If our specialty is indexing, we understand that a well-composed index is one that matches the thinking process and vocabulary of our users. With books and other print references, such as documentation, the usefulness of the product is frequently dependent on the effectiveness of the index. But does the same hold true when the book is an e-book and the users have access to text-search tools and can quickly search the text for whatever word combination they wish?
Publishers who engage in e-publishing are leading the trend that bypasses the indexer in the belief that readers can function just as well without an index when offered software that allows them to do full-text searches instead. This belief is based on the increasing familiarity users have with text-search tools to look up information and the publishers' desire to better control publishing costs and production schedules.
But, as many who have experienced the results of a search know, search engines frequently produce hundreds of "hits," some of them relevant, many of them not so relevant in the context that the user is looking for.

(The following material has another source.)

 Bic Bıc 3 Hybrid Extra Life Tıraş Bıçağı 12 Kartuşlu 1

Simple keyword text searching is the type of searching most familiar to most people. Type the desired text string in the dialog box, and the search engine will find every occurrence of the string of characters, regardless of the value or significance to the user.

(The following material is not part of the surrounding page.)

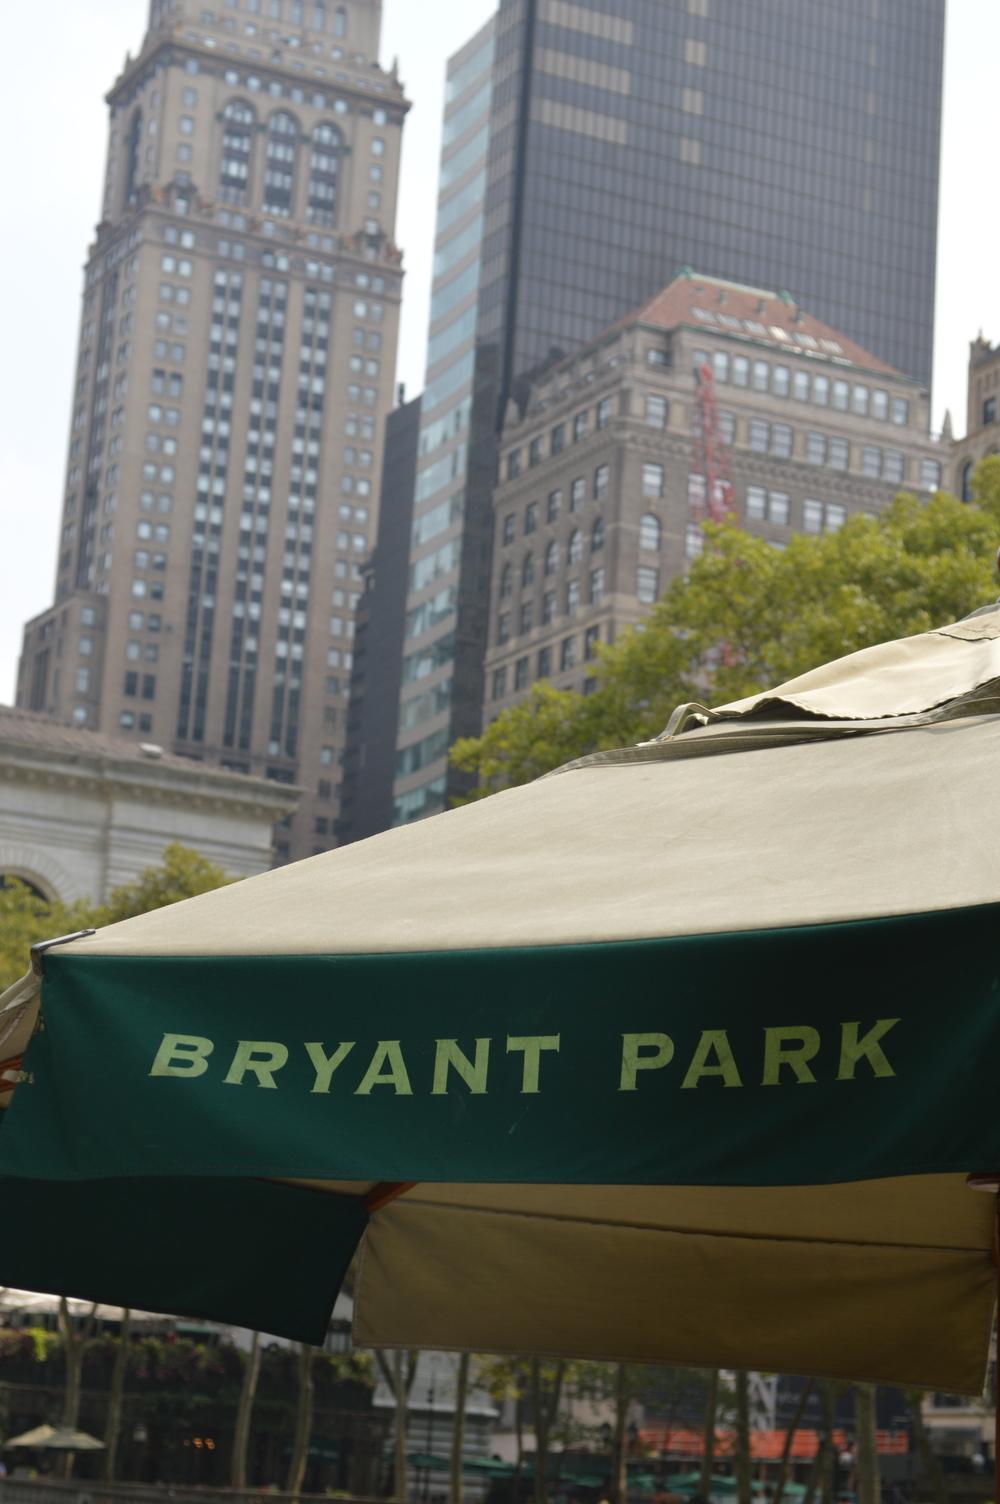 BryantPark-NYC-LaurenSchwaiger-Life-Style-Travel-Blog.jpg

Search engines are most effective for the typical user when there is a single objective answer to a simple query, as, for instance, is the case with a search for a particular book title on Amazon.com. If you know the name of the book or the author, your search is likely to be fruitful. If you know the topic category--usability, for instance--you are also likely to get a list of books that will be of interest.
More complex queries, however, are another matter. If, for instance, you are searching the Web for index usability, you might get more than 200,000 hits covering topics such as indexing, usability, and indexes of sites on usability. You may not find any studies of index usability, or you may give up exploring the options after examining the first 10 or 20 items in the results list. As well, the order of the list of hits may have no meaning or usefulness to you, and, to narrow your search, you might need to use the dreaded "advanced search" button, which will likely add to your anxiety if you are like most people who know very little about effective advanced searching techniques such as Boolean logic.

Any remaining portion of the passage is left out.